YOUR GOAL
From the line that contains "Cette magnifique table" through the last line of the data, copy everything exactly and nothing else, omitting the pictures.

STORED DATA
========================================================================

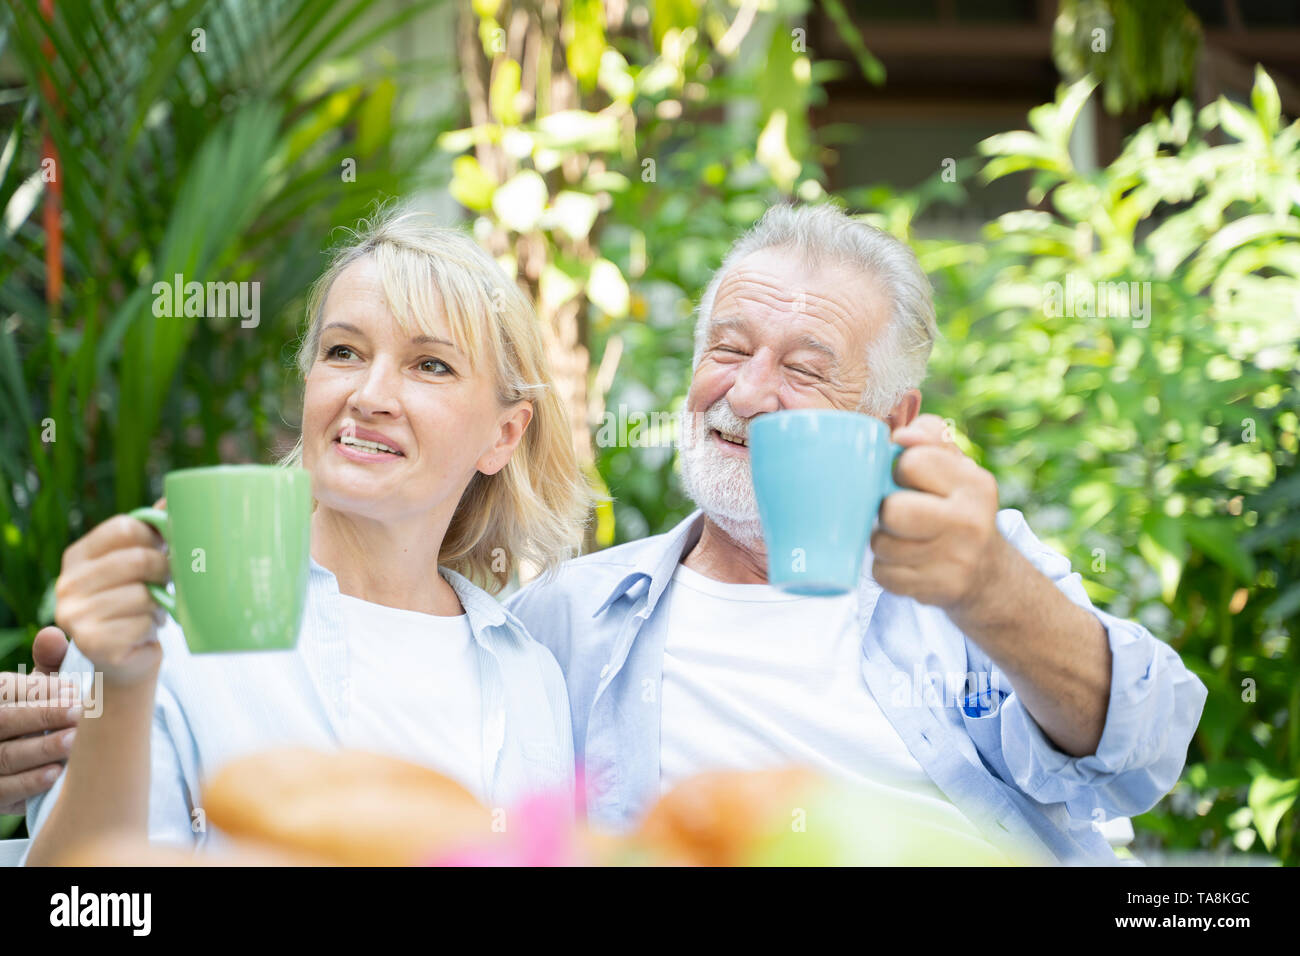 Glückliche Momente. Freudige Rentenalter nettes Paar in Kaffee und Lachen, während ihre Zeit zusammen genießen - Bild Stockfoto
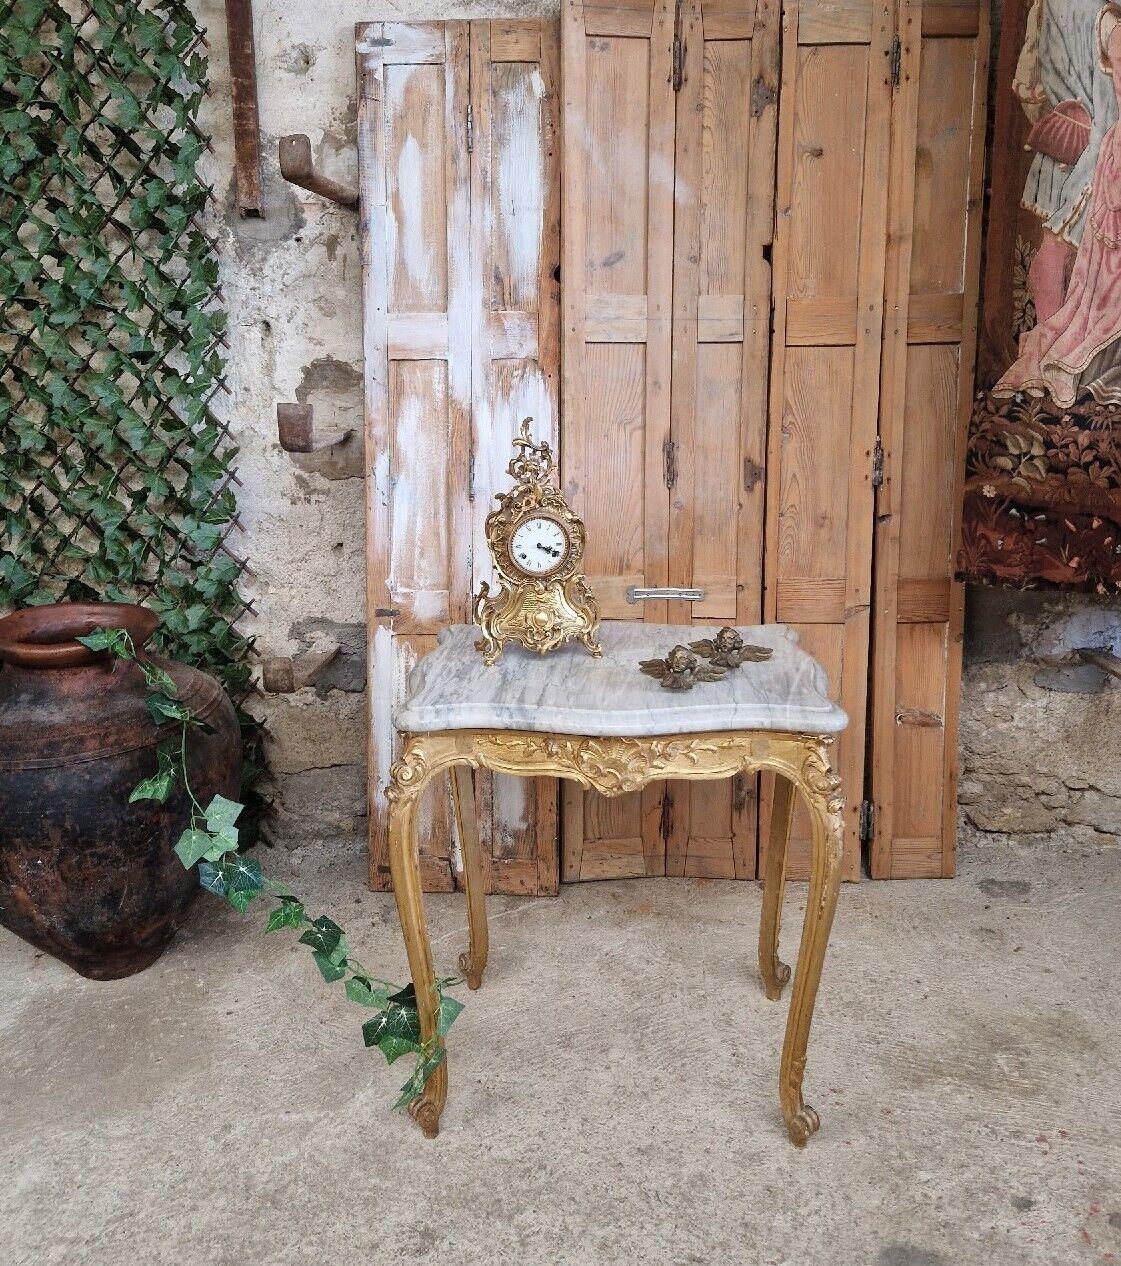 Cette magnifique table d'appoint française de forme rectangulaire est idéale pour de nombreux usages et peut trouver sa place dans n'importe quelle pièce.

La base de la table est en bois doré et de style Louis XV. Le plateau de marbre est une
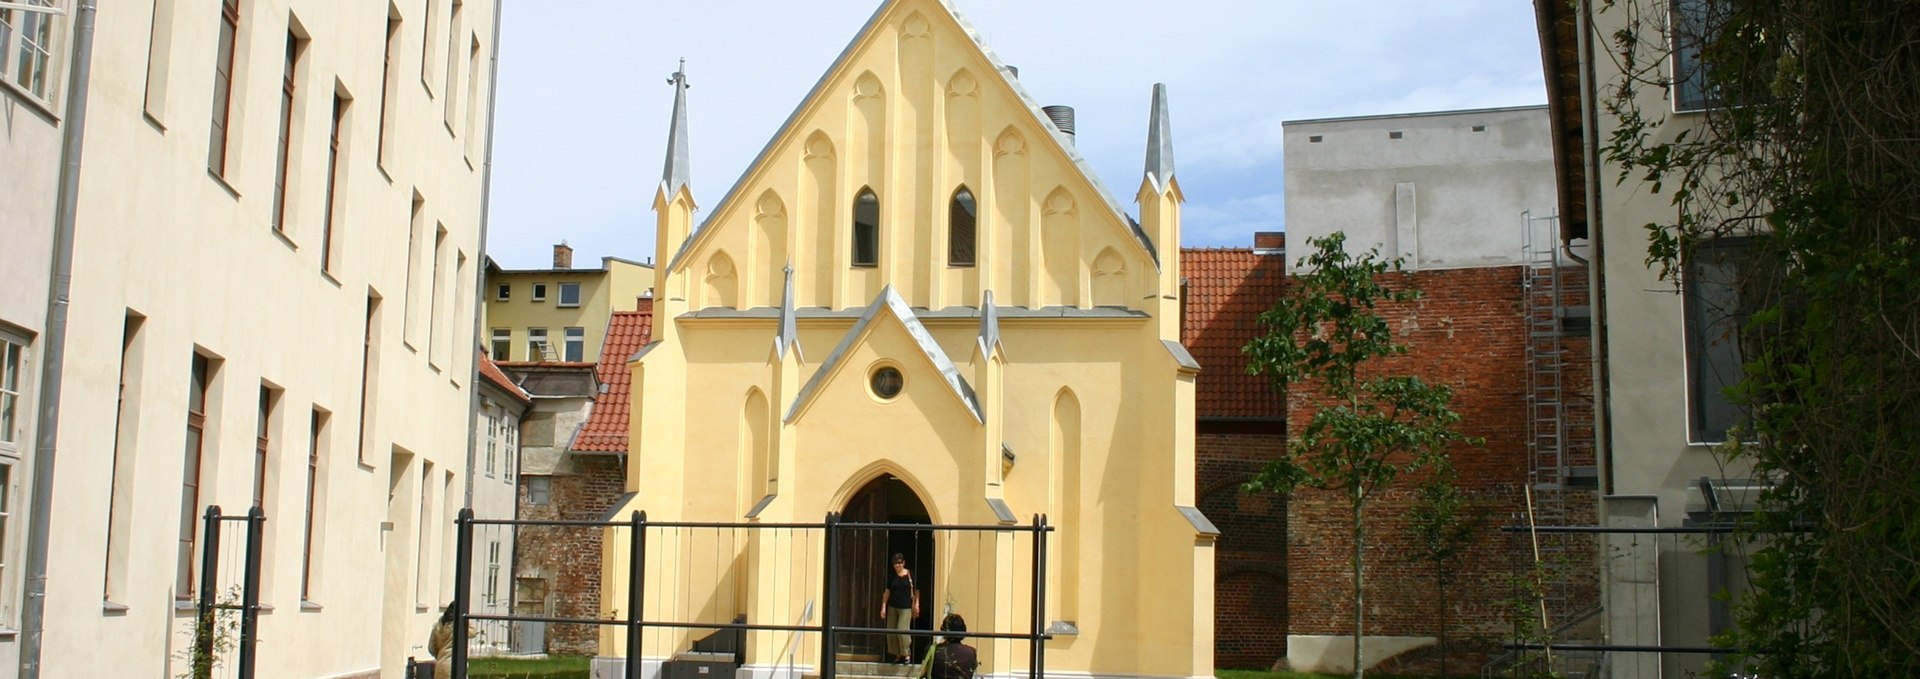 Monastery of St. Anne Brigitten, © Tourismuszentrale Stralsund

========================================================================

EXERCISE RESPONSE
 Cette magnifique table d'appoint française de forme rectangulaire est idéale pour de nombreux usages et peut trouver sa place dans n'importe quelle pièce.

La base de la table est en bois doré et de style Louis XV. Le plateau de marbre est une
 Monastery of St. Anne Brigitten, © Tourismuszentrale Stralsund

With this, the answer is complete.